In this exercise, you change the margins in a workbook to stop the graphic in the footer from overlapping with the data in the body of the worksheet. You then change the alignment of the workbook so that its contents are laid out in landscape mode and centered on the printed page.

OPEN: Margins from the SBS\Excel\ChangingDocAppearance folder.

On the Standard toolbar, click the Print Preview button.

The Print Preview window opens.

Click Margins.

Margin lines appear.

Drag the second margin line from the bottom of the page up until it clears the graphic.

The top edge of the footer moves above the graphic.

Click Setup.

The Page Setup dialog box appears.

If necessary, click the Page tab.

Select the Landscape option button.

Select the Fit to option button and set to 1 page wide by 1 page tall.

Click the Margins tab.

The Margins tab page appears.

In the Center on page section of the tab page, select both the Horizontally check box and the Vertically check box.

Click OK.

The Page Setup dialog box disappears. The document view in the Print Preview window changes to reflect the new settings.

Click Close.

The Print Preview window disappears.

On the Standard toolbar, click the Save button to save your changes.

CLOSE: Margins.

Key Points

  • If you don’t like the default font in which Excel displays your data, you can change it.

  • You can use cell formatting, including borders, alignment, and fill colors, to emphasize certain cells in your worksheets. This emphasis is particularly useful for making column and row labels stand out from the data.

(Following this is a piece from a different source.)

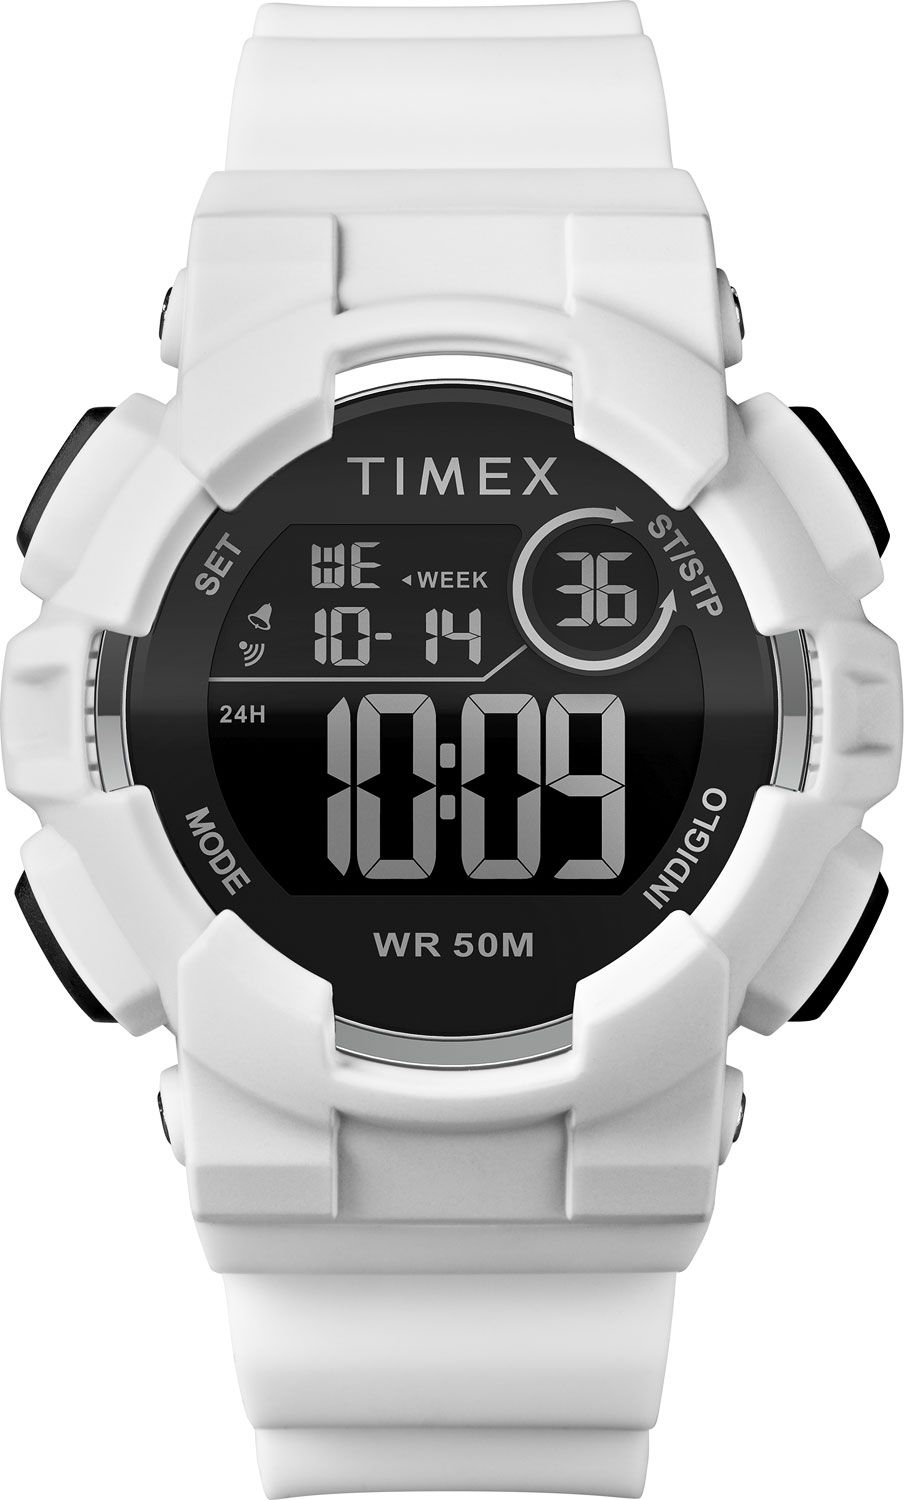   Timex TW5M23700RM  
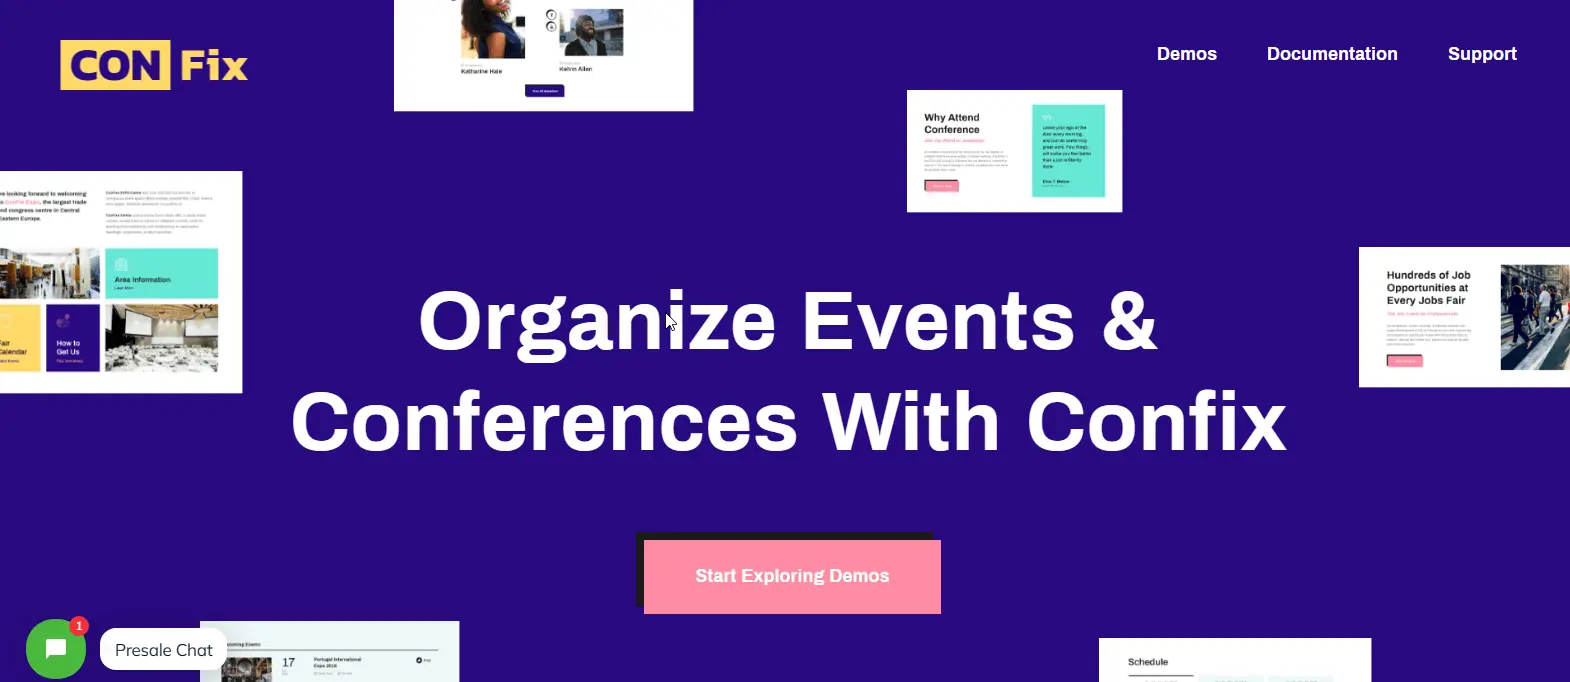 ConFix WordPress theme for Events Calendar

  • Excel comes with a number of existing styles that let you change the appearance of individual cells.

  • If you want to apply the formatting from one cell to another cell, use the Format Painter to copy the format quickly.

  • There are quite a few AutoFormats you can apply to groups of cells. If you see one you like, use it and save yourself lots of formatting time.

  • Conditional formats let you set rules so that Excel will change the appearance of a cell’s contents based on its value.

  • Pay careful attention to how your worksheets appear when printed. Use header, footer, graphic, alignment, and margin settings to make your data look great on the page.